I've been working from home for about 5 years. If you want to be productive, the key point is to make a very clear distinction between work and leisure. On a normal job this is clear enough - the clothes, the physical setting, the timetable, all converge to trigger your professional mindset. Not so at home.

Organize a little corner of your house for working. Even if it's just a desk and a bookshelf. Keep it reserved for your work hours/activities only. If you can schedule certain activities outside the house, eg a shared workspace, even better.

Give yourself working hours and respect them - preferably for a whole week, but at least for the next day. If you have several activities, divide up your time between them in advance. If possible, set daily or weekly goals for the activities you are engaged in.

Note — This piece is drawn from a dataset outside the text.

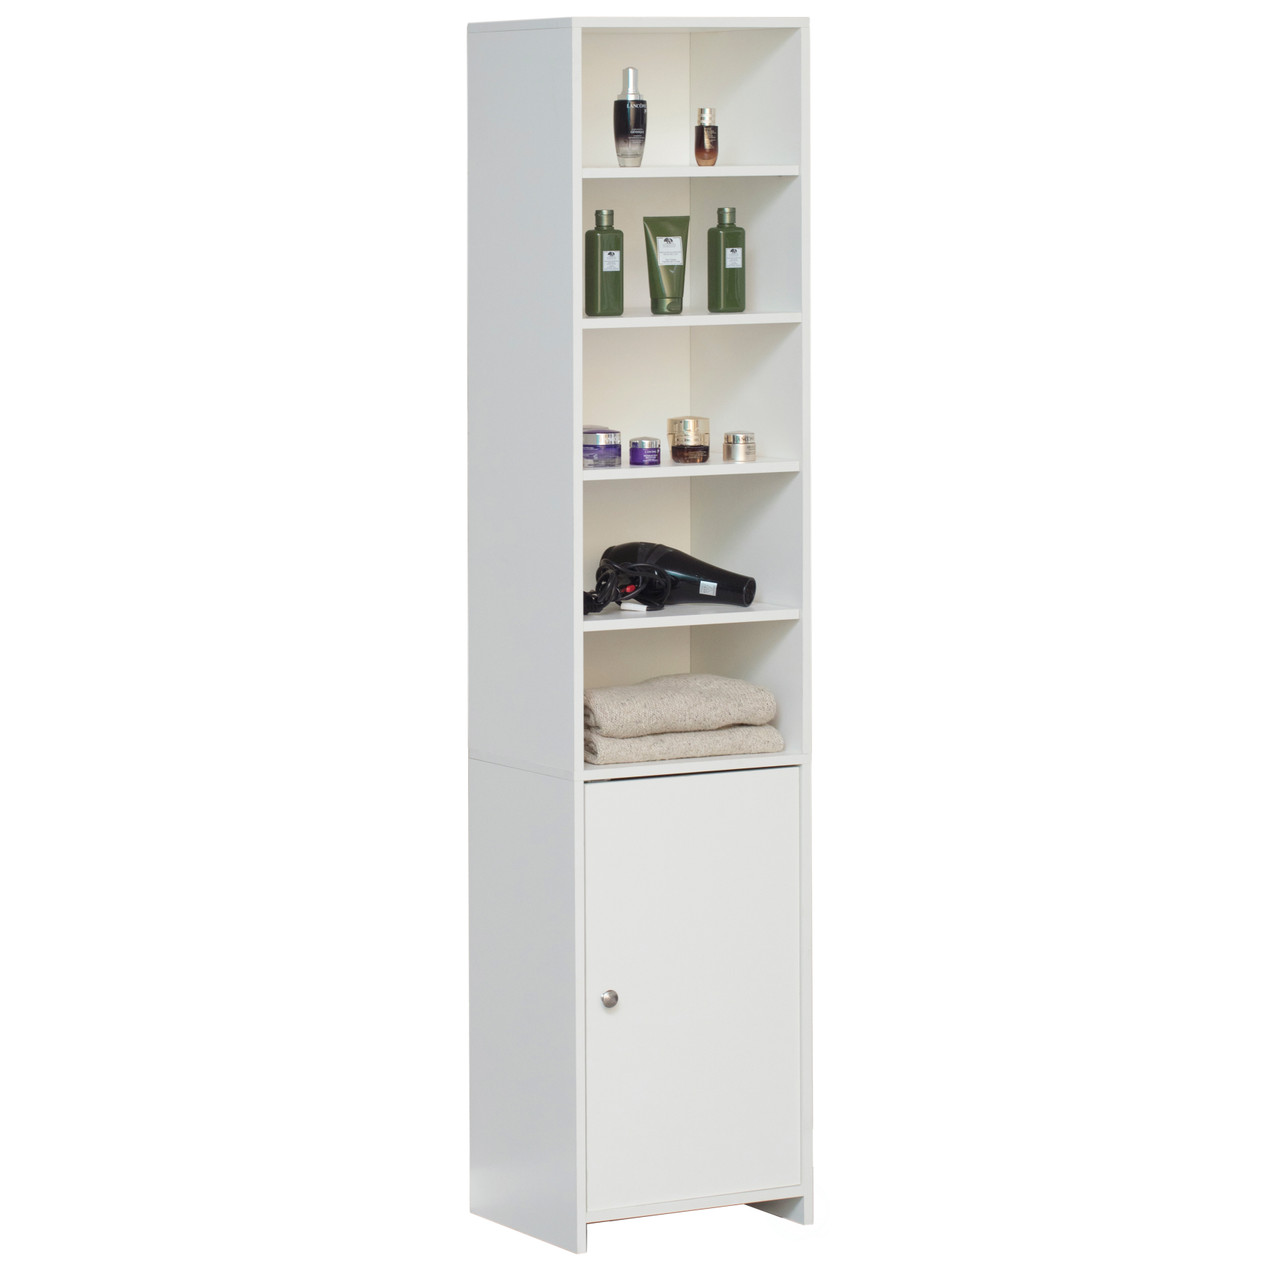 Tall Bathroom Storage Cabinet, Freestanding Linen Tower Slim Organizer,  White, 1 Unit - Smith's Food and Drug

Dress for work, even if you are at home - not necessarily a suit, but put on some decent clothes and shoes, and brush your hair, make yourself presentable. Go out for a short brisk walk before starting work, to simulate your commute; possibly repeat at lunchtime (more relaxed) and in the evening.

Do not snack between meals - VERY important. Avoid sweets, fizzy drinks, pastries, as you are less physically active than before. Schedule exercise every day.

Create at least one "event" every day which takes place outside the house and involves other people. This will give a focus to your day. Make sure you get enough human contact. You'd be surprised how important work is in this respect, even if you have no friends there.

Edit: be very strict about your use of the internet. Reading news is not working. More generally, honestly evaluate how you use your time relative to the objectives you have set yourself for that day.




I'd like to offer a different approach - do not organize a separate work environment. Do not build a copy of your day job routine at home.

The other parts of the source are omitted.